» **Exercise instructions**:
Would you write out all of the records that follow, exactly as they stand?

--- Listed records ---

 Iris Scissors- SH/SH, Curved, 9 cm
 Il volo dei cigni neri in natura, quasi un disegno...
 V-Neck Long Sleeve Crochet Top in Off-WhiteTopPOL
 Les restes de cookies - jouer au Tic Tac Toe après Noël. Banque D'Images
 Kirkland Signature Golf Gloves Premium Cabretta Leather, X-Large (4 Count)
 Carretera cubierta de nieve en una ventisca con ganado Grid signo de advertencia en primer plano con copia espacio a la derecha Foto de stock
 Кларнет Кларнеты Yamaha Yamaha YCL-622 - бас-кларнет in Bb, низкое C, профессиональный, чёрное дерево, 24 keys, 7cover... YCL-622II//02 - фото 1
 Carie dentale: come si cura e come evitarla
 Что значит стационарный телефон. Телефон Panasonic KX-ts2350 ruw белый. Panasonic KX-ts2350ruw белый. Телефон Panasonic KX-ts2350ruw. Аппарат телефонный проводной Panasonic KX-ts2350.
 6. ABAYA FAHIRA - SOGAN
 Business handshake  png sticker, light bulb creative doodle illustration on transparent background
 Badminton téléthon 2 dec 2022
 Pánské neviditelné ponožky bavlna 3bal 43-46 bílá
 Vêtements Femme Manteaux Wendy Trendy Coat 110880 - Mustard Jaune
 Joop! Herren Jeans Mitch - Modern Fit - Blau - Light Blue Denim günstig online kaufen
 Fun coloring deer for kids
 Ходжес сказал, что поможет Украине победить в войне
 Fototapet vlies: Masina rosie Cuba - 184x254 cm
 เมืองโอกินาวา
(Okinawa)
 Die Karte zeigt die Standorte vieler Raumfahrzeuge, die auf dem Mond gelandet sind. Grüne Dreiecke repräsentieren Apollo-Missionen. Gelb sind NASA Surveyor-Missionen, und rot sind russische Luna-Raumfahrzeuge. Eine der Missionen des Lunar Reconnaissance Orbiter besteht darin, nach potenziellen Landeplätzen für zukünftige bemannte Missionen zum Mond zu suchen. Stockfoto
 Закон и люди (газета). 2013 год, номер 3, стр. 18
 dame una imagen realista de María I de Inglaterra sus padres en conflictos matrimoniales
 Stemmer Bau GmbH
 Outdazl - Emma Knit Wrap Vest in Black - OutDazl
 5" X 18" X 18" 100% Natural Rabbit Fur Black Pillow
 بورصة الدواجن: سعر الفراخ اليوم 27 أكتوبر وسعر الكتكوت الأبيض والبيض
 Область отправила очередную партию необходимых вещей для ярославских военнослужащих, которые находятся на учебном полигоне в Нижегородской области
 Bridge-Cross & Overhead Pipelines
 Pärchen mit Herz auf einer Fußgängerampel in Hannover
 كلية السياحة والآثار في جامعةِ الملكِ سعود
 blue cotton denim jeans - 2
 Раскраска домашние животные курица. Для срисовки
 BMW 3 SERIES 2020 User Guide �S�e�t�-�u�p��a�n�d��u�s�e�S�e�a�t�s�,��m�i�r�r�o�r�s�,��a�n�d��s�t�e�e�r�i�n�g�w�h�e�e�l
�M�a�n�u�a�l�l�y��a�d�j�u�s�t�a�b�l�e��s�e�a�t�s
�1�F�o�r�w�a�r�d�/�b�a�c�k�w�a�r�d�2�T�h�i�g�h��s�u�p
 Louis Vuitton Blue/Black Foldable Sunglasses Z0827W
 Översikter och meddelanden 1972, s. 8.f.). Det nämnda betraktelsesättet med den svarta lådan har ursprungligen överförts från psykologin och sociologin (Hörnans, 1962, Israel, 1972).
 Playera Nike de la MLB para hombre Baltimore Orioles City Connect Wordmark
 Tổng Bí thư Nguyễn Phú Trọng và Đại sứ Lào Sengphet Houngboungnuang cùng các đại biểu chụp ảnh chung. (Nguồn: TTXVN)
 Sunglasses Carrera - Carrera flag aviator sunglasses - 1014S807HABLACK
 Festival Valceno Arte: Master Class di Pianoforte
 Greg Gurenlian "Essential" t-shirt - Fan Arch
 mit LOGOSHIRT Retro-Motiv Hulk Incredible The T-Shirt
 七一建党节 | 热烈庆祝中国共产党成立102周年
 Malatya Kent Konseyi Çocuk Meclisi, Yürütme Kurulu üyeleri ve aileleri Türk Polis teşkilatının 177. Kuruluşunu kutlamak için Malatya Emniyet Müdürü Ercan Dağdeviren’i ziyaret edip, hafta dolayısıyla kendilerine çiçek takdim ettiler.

---

» **Exercise answer**:
 Iris Scissors- SH/SH, Curved, 9 cm
 Il volo dei cigni neri in natura, quasi un disegno...
 V-Neck Long Sleeve Crochet Top in Off-WhiteTopPOL
 Les restes de cookies - jouer au Tic Tac Toe après Noël. Banque D'Images
 Kirkland Signature Golf Gloves Premium Cabretta Leather, X-Large (4 Count)
 Carretera cubierta de nieve en una ventisca con ganado Grid signo de advertencia en primer plano con copia espacio a la derecha Foto de stock
 Кларнет Кларнеты Yamaha Yamaha YCL-622 - бас-кларнет in Bb, низкое C, профессиональный, чёрное дерево, 24 keys, 7cover... YCL-622II//02 - фото 1
 Carie dentale: come si cura e come evitarla
 Что значит стационарный телефон. Телефон Panasonic KX-ts2350 ruw белый. Panasonic KX-ts2350ruw белый. Телефон Panasonic KX-ts2350ruw. Аппарат телефонный проводной Panasonic KX-ts2350.
 6. ABAYA FAHIRA - SOGAN
 Business handshake  png sticker, light bulb creative doodle illustration on transparent background
 Badminton téléthon 2 dec 2022
 Pánské neviditelné ponožky bavlna 3bal 43-46 bílá
 Vêtements Femme Manteaux Wendy Trendy Coat 110880 - Mustard Jaune
 Joop! Herren Jeans Mitch - Modern Fit - Blau - Light Blue Denim günstig online kaufen
 Fun coloring deer for kids
 Ходжес сказал, что поможет Украине победить в войне
 Fototapet vlies: Masina rosie Cuba - 184x254 cm
 เมืองโอกินาวา
(Okinawa)
 Die Karte zeigt die Standorte vieler Raumfahrzeuge, die auf dem Mond gelandet sind. Grüne Dreiecke repräsentieren Apollo-Missionen. Gelb sind NASA Surveyor-Missionen, und rot sind russische Luna-Raumfahrzeuge. Eine der Missionen des Lunar Reconnaissance Orbiter besteht darin, nach potenziellen Landeplätzen für zukünftige bemannte Missionen zum Mond zu suchen. Stockfoto
 Закон и люди (газета). 2013 год, номер 3, стр. 18
 dame una imagen realista de María I de Inglaterra sus padres en conflictos matrimoniales
 Stemmer Bau GmbH
 Outdazl - Emma Knit Wrap Vest in Black - OutDazl
 5" X 18" X 18" 100% Natural Rabbit Fur Black Pillow
 بورصة الدواجن: سعر الفراخ اليوم 27 أكتوبر وسعر الكتكوت الأبيض والبيض
 Область отправила очередную партию необходимых вещей для ярославских военнослужащих, которые находятся на учебном полигоне в Нижегородской области
 Bridge-Cross & Overhead Pipelines
 Pärchen mit Herz auf einer Fußgängerampel in Hannover
 كلية السياحة والآثار في جامعةِ الملكِ سعود
 blue cotton denim jeans - 2
 Раскраска домашние животные курица. Для срисовки
 BMW 3 SERIES 2020 User Guide �S�e�t�-�u�p��a�n�d��u�s�e�S�e�a�t�s�,��m�i�r�r�o�r�s�,��a�n�d��s�t�e�e�r�i�n�g�w�h�e�e�l
�M�a�n�u�a�l�l�y��a�d�j�u�s�t�a�b�l�e��s�e�a�t�s
�1�F�o�r�w�a�r�d�/�b�a�c�k�w�a�r�d�2�T�h�i�g�h��s�u�p
 Louis Vuitton Blue/Black Foldable Sunglasses Z0827W
 Översikter och meddelanden 1972, s. 8.f.). Det nämnda betraktelsesättet med den svarta lådan har ursprungligen överförts från psykologin och sociologin (Hörnans, 1962, Israel, 1972).
 Playera Nike de la MLB para hombre Baltimore Orioles City Connect Wordmark
 Tổng Bí thư Nguyễn Phú Trọng và Đại sứ Lào Sengphet Houngboungnuang cùng các đại biểu chụp ảnh chung. (Nguồn: TTXVN)
 Sunglasses Carrera - Carrera flag aviator sunglasses - 1014S807HABLACK
 Festival Valceno Arte: Master Class di Pianoforte
 Greg Gurenlian "Essential" t-shirt - Fan Arch
 mit LOGOSHIRT Retro-Motiv Hulk Incredible The T-Shirt
 七一建党节 | 热烈庆祝中国共产党成立102周年
 Malatya Kent Konseyi Çocuk Meclisi, Yürütme Kurulu üyeleri ve aileleri Türk Polis teşkilatının 177. Kuruluşunu kutlamak için Malatya Emniyet Müdürü Ercan Dağdeviren’i ziyaret edip, hafta dolayısıyla kendilerine çiçek takdim ettiler.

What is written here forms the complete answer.